CsvFormatter

Operator Objective

This operator receives a POJO (Plain Old Java Object) as an incoming tuple, converts the data in the incoming POJO to a custom delimited string and emits the delimited string.

CsvFormatter supports schema definition as a JSON string.

CsvFormatter does not hold any state and is idempotent, fault-tolerant and statically/dynamically partitionable.

Operator Information

  1. Operator location: malhar-contrib
  2. Available since: 3.2.0
  3. Operator state: Evolving
  4. Java Packages:

Properties, Attributes and Ports

Properties of POJOEnricher

Property Description Type Mandatory Default Value
schema Contents of the schema.Schema is specified in a json format.
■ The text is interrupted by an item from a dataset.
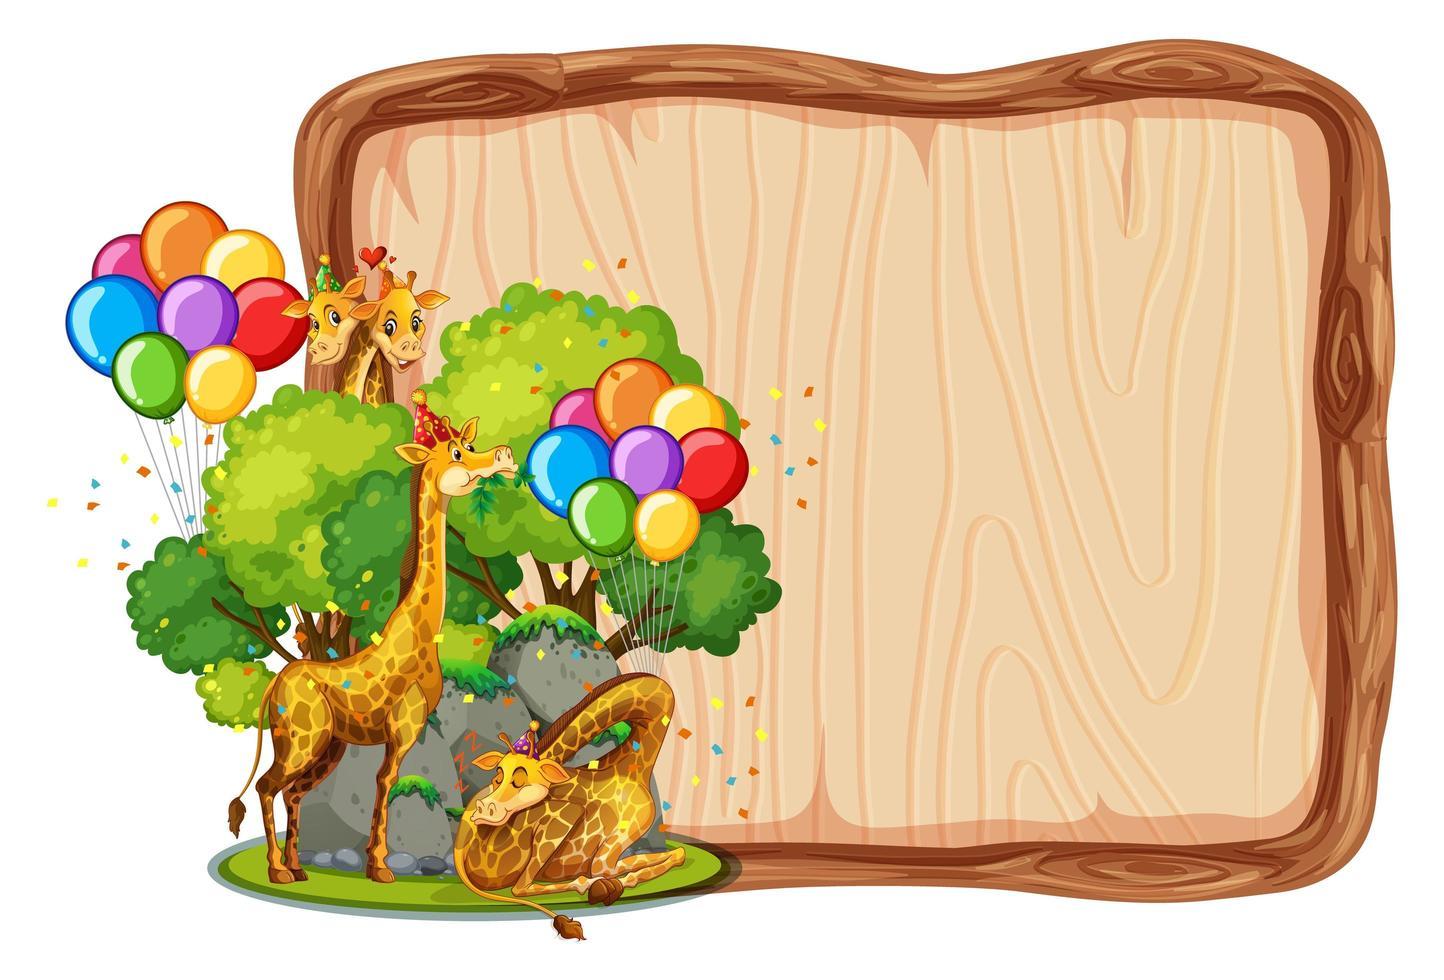 modello di tavola di legno vuoto con giraffe in tema di partito isolato vettore

String Yes N/A

Platform Attributes that influences operator behavior

Attribute Description Type Mandatory
in.TUPLE_CLASS TUPLE_CLASS attribute on input port which tells operator the class of POJO which will be incoming Class or FQCN Yes

Ports

Port Description Type Mandatory
in Tuples which need to be formatted are received on this port Object (POJO) Yes
out Tuples that are formatted are emitted from this port String No
err Tuples that could not be converted are emitted on this port Object No

Limitations

Current CsvFormatter contain following limitations:

  1. The field names in schema and the pojo field names should match.For eg. if name of the schema field is "customerName", then POJO should contain a field with the same name.
  2. Field wise validation/formatting is not yet supported.
  3. The fields will be written to the file in the same order as specified in schema.json

Example

Example for CsvFormatter can be found at: https://github.com/DataTorrent/examples/tree/master/tutorials/csvformatter

Advanced

Schema format for CsvFormatter

CsvFormatter expects schema to be a String in JSON format:

Example for format of schema:

{
  "separator": ",",
  "quoteChar": "\"",
  "lineDelimiter": "\n",
  "fields": [
    {
      "name": "campaignId",
      "type": "Integer"
    },
    {
      "name": "startDate",
      "type": "Date",
      "constraints": {
        "format": "yyyy-MM-dd"
      }
    }
    ]
}

Partitioning of CsvFormatter

Being stateless operator, CsvFormatter will ensure built-in partitioners present in Malhar library can be directly used by setting properties as follows:

Stateless partioning of CsvFormatter

Stateless partitioning will ensure that CsvFormatter will be partitioned right at the start of the application and will remain partitioned throughout the lifetime of the DAG. CsvFormatter can be stateless partitioned by adding following lines to properties.xml:

  <property>
    <name>dt.operator.{OperatorName}.attr.PARTITIONER</name>
    <value>com.datatorrent.common.partitioner.StatelessPartitioner:2</value>
  </property>

where {OperatorName} is the name of the CsvFormatter operator. Above lines will partition CsvFormatter statically 2 times. Above value can be changed accordingly to change the number of static partitions.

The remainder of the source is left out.